:: WORK REQUEST ::
Give back each entry exactly as written, apart from the pictures.

:: INPUT DATA ::
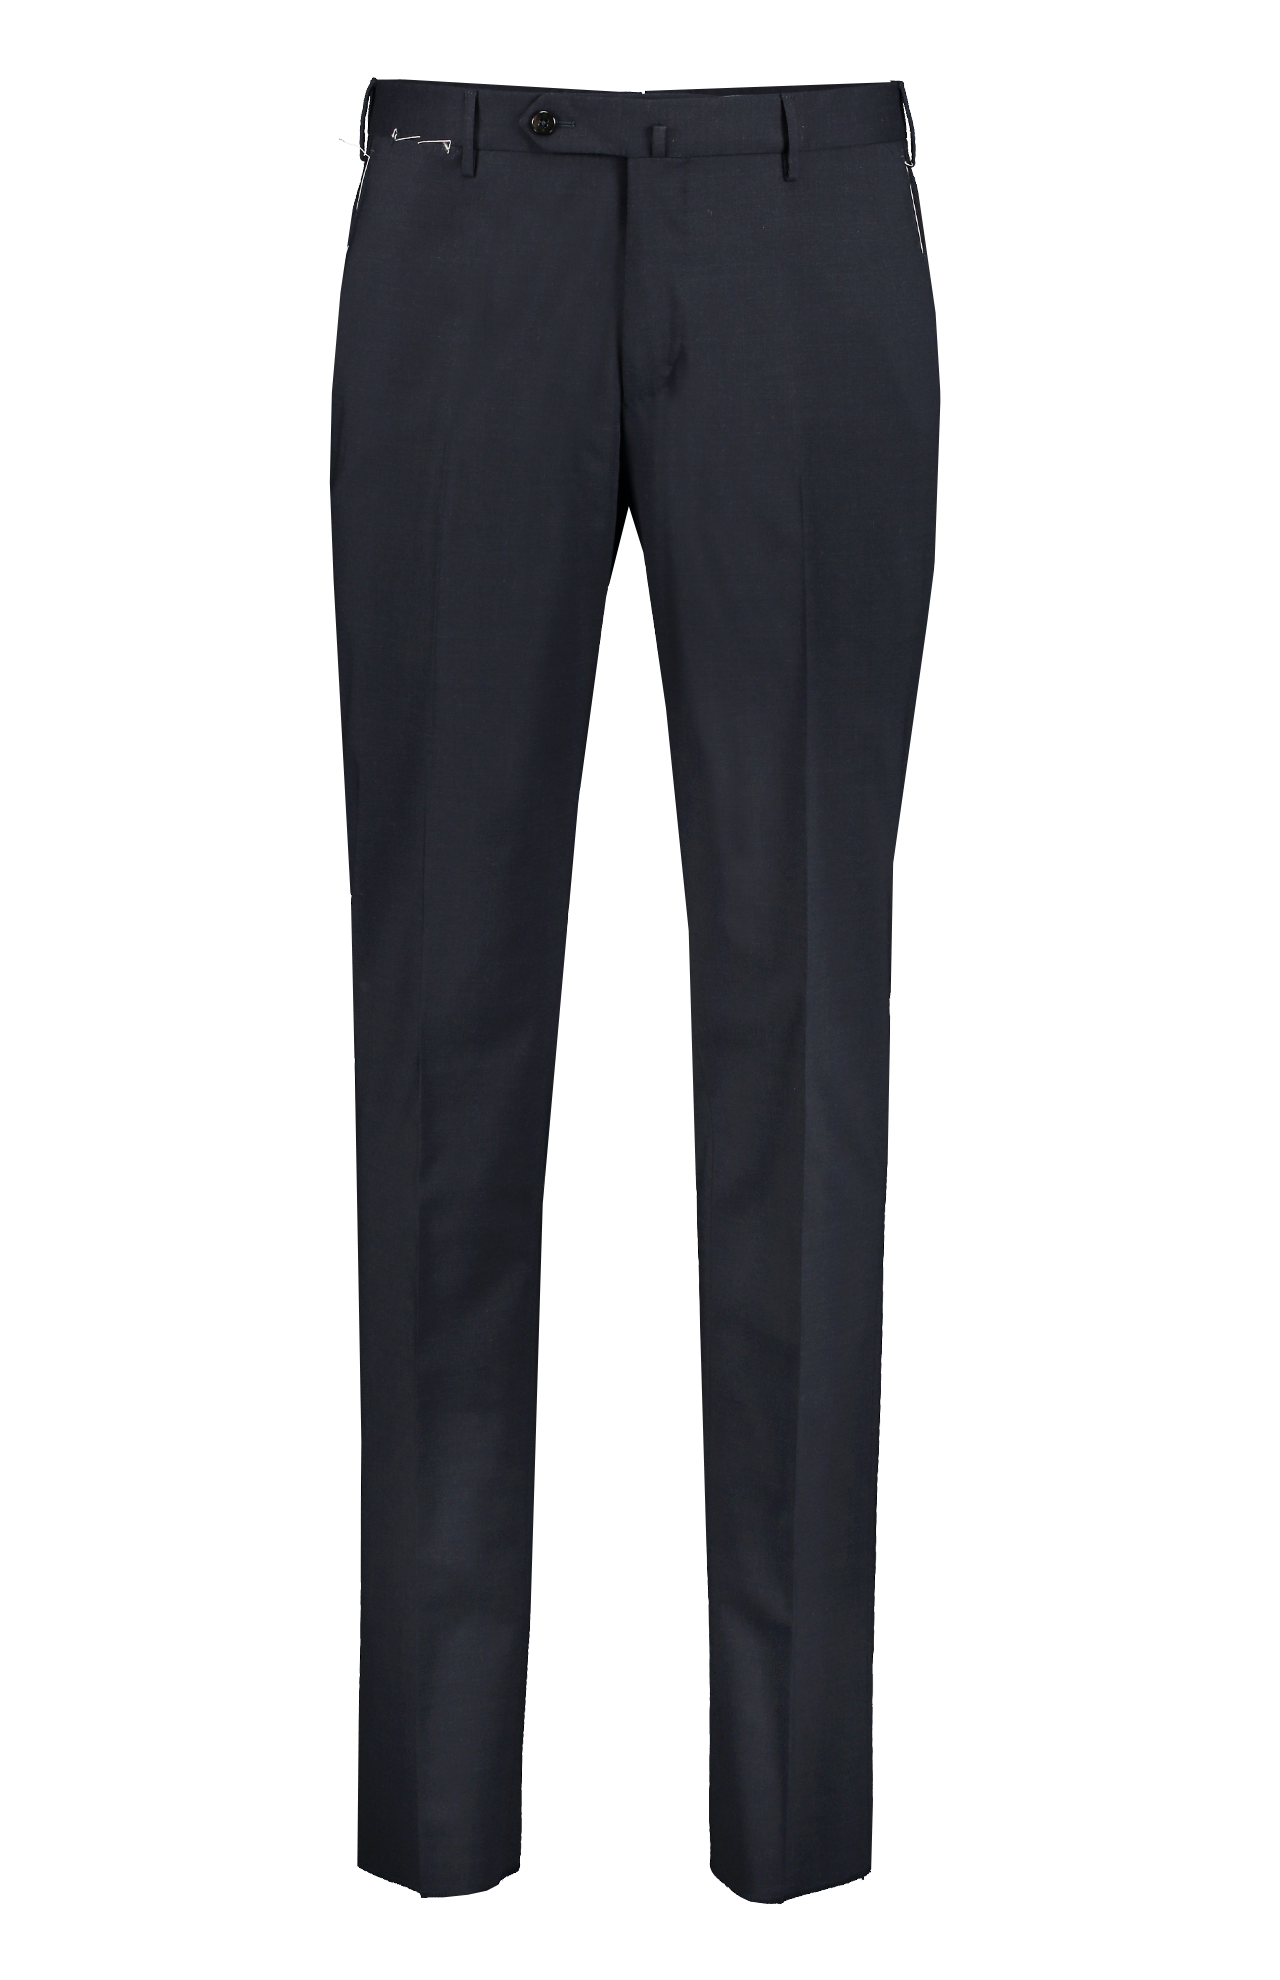 PT Torino Wool Plain Weave Trouser in Navy Melange Mannequin Image(7062203891827)
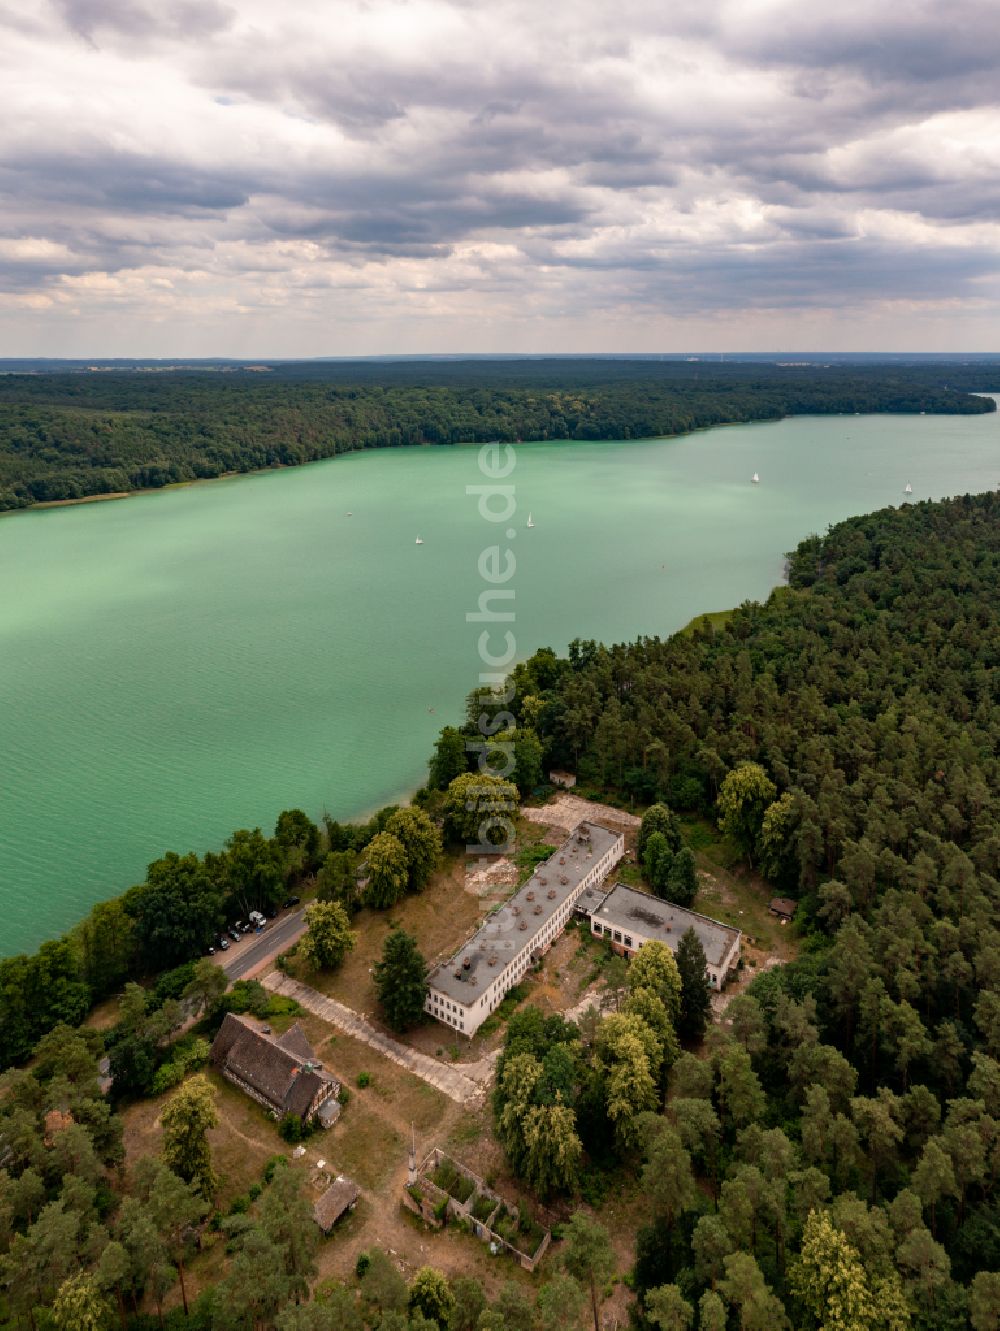 Luftbild Joachimsthal - Uferbereiche des Sees Werbellinsee entlang der Ruine Jugendtouristhotel in einem Waldgebiet in Joachimsthal im Bundesland Brandenburg, Deutschland
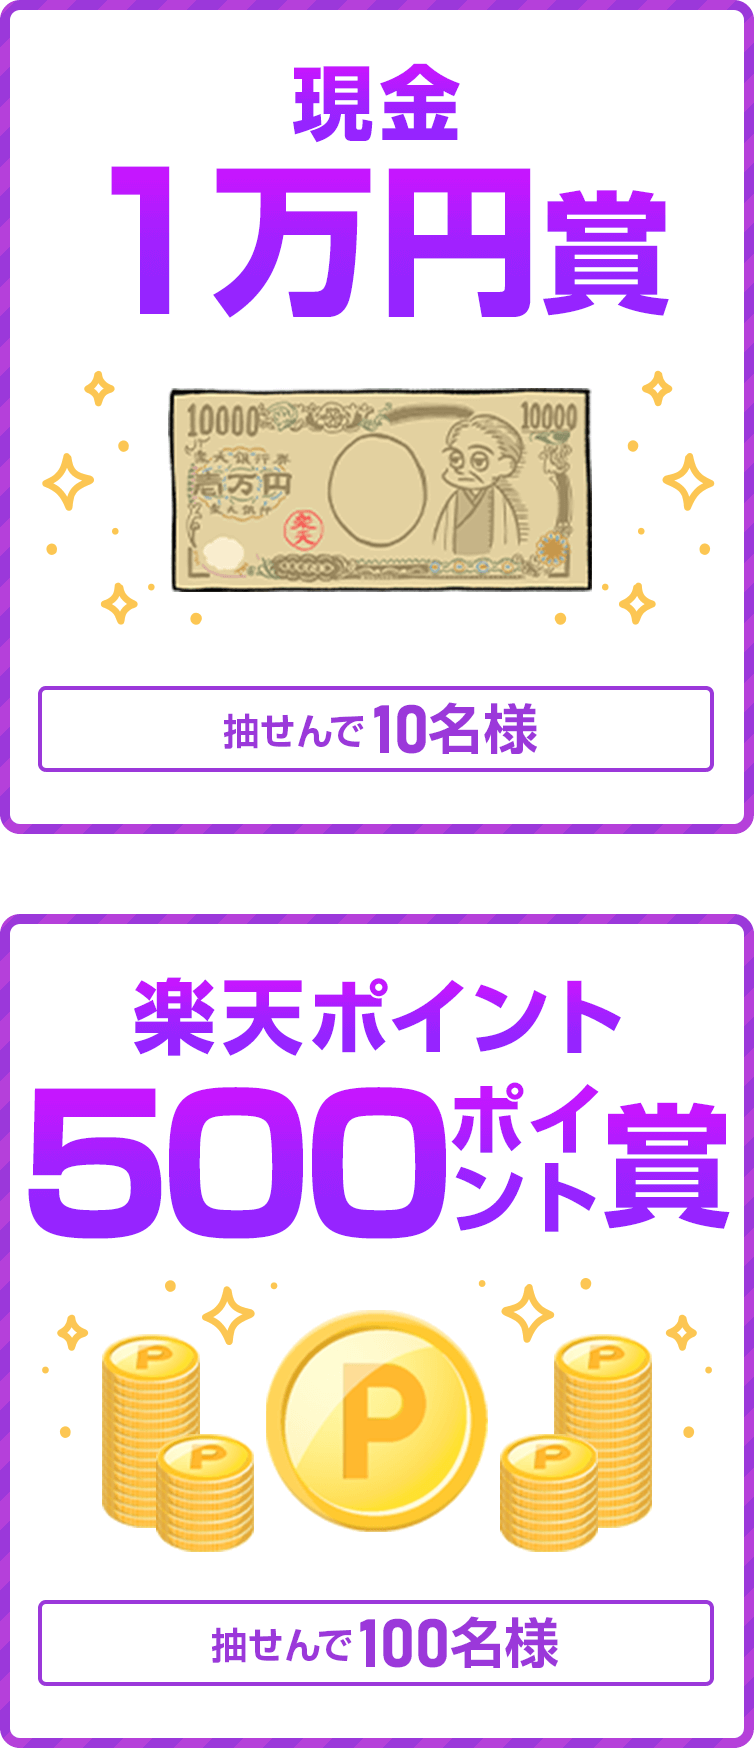 
                
                  現金1万円賞
                  抽せんで10名様
                  
                  500ポイント賞
                  楽天ポイント(期間限定)抽せんで100名様

:: ANSWER BELOW ::
 PT Torino Wool Plain Weave Trouser in Navy Melange Mannequin Image(7062203891827)
 Luftbild Joachimsthal - Uferbereiche des Sees Werbellinsee entlang der Ruine Jugendtouristhotel in einem Waldgebiet in Joachimsthal im Bundesland Brandenburg, Deutschland
                
                  現金1万円賞
                  抽せんで10名様
                  
                  500ポイント賞
                  楽天ポイント(期間限定)抽せんで100名様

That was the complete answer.